Za kratki za tytoniowy biznes

15

Pewien lubinianin skupował liście tytoniu, a następnie przerabiał je na nadający się do spalenia tytoń i sprzedawał go przez internet. Swoją działalność prowadził od jakiegoś czasu, niestety bez niezbędnych pozwoleń. Teraz za rozkręcenie tytoniowego biznesu może trafić nawet na dwa lata za kratki.

 

Mieszkaniec Lubina, zanim zatrzymali go policjanci, zdąży sprzedać około pięć kilogramów tytoniu. W domu w chwili aresztowania miał poupychane w szufladach ponad trzy kilogramy wytwarzanego przez siebie produktu.

– Policjanci z wydziału do walki z przestępczością gospodarczą pozyskali informację, z której wynikało, że jeden z mieszkańców Lubina może prowadzić nielegalną sprzedaż wyrobów tytoniowych.
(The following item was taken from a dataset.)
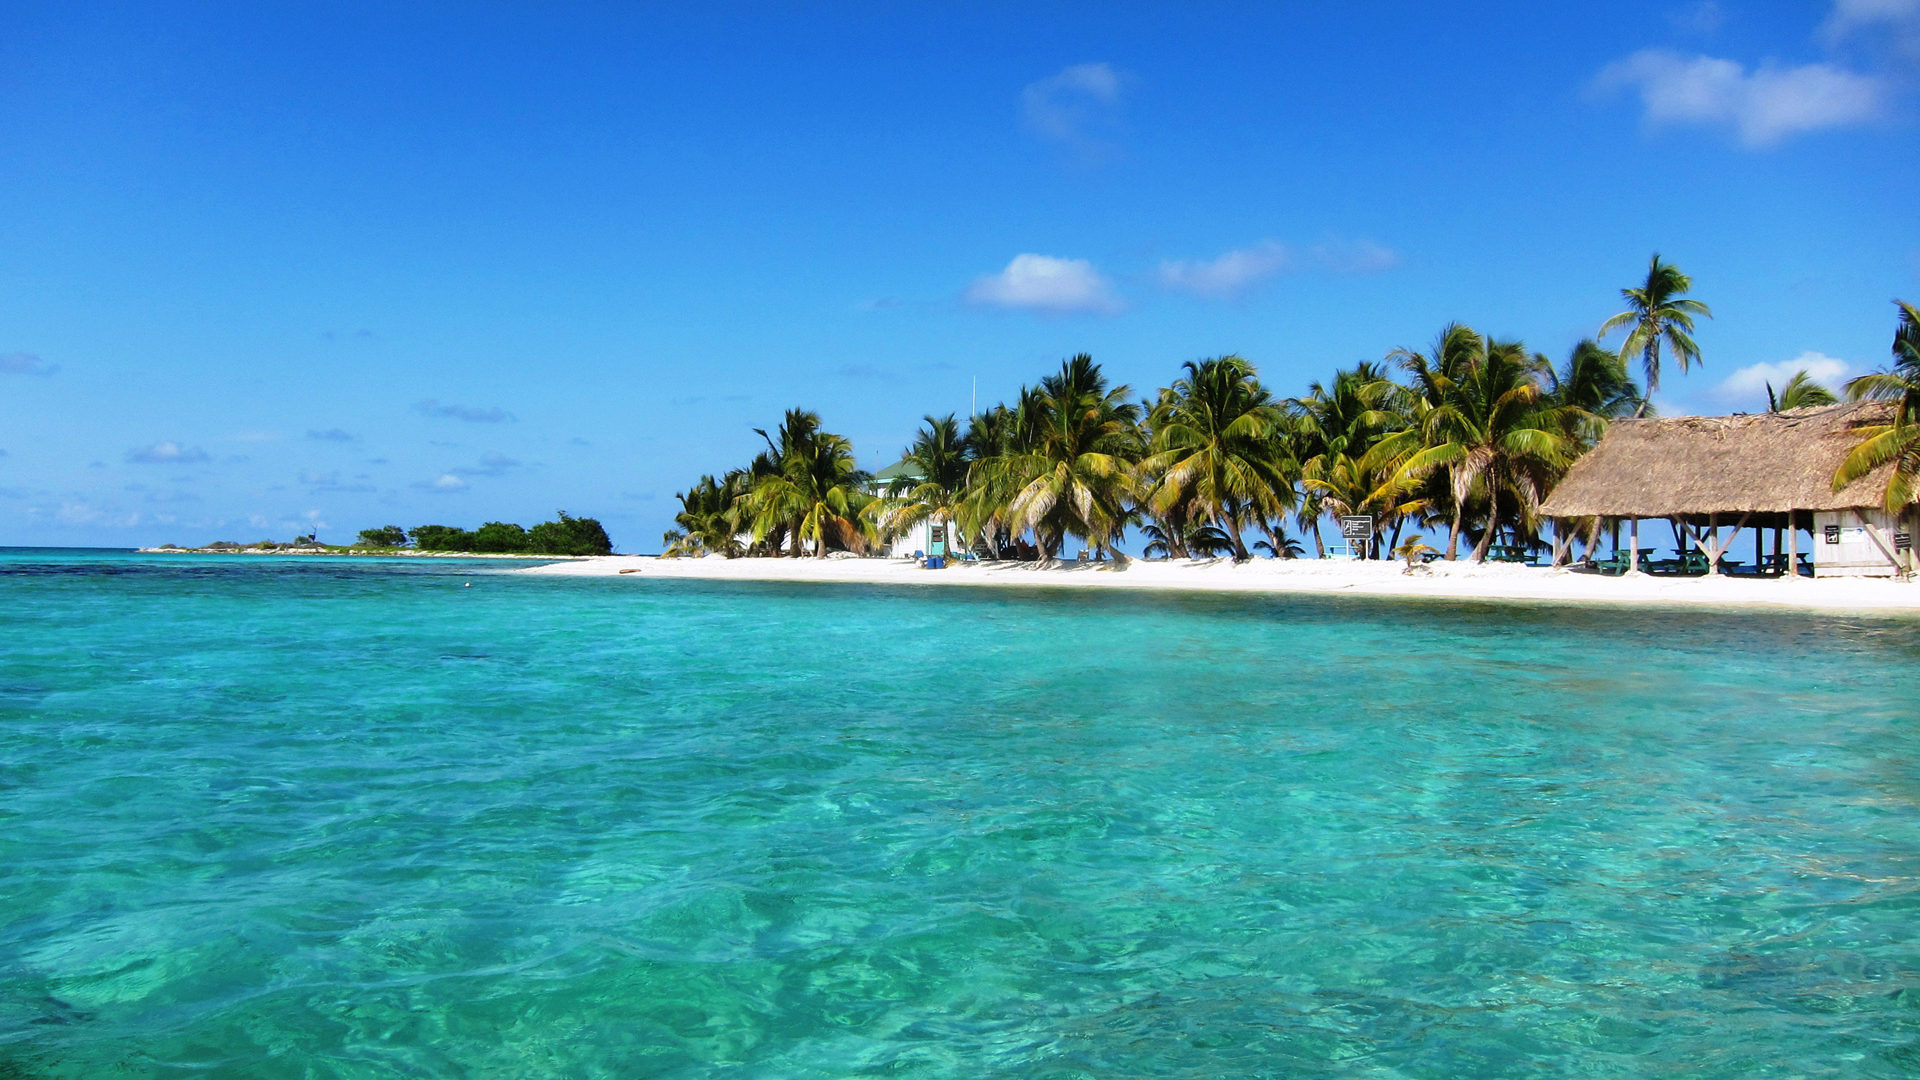 Buy Belize Land: A Paradise Investment Opportunity

Informacja potwierdziła się. Wczoraj funkcjonariusze weszli do mieszkania 32-letniego lubinianina – mówi starszy aspirant Jan Pociecha, rzecznik lubińskiej policji.

Na biznes, jaki rozkręcił w Lubinie 32-latek, potrzebne są pewne pozwolenia. Lubinianin ich nie miał, dlatego może trafić do więzienia.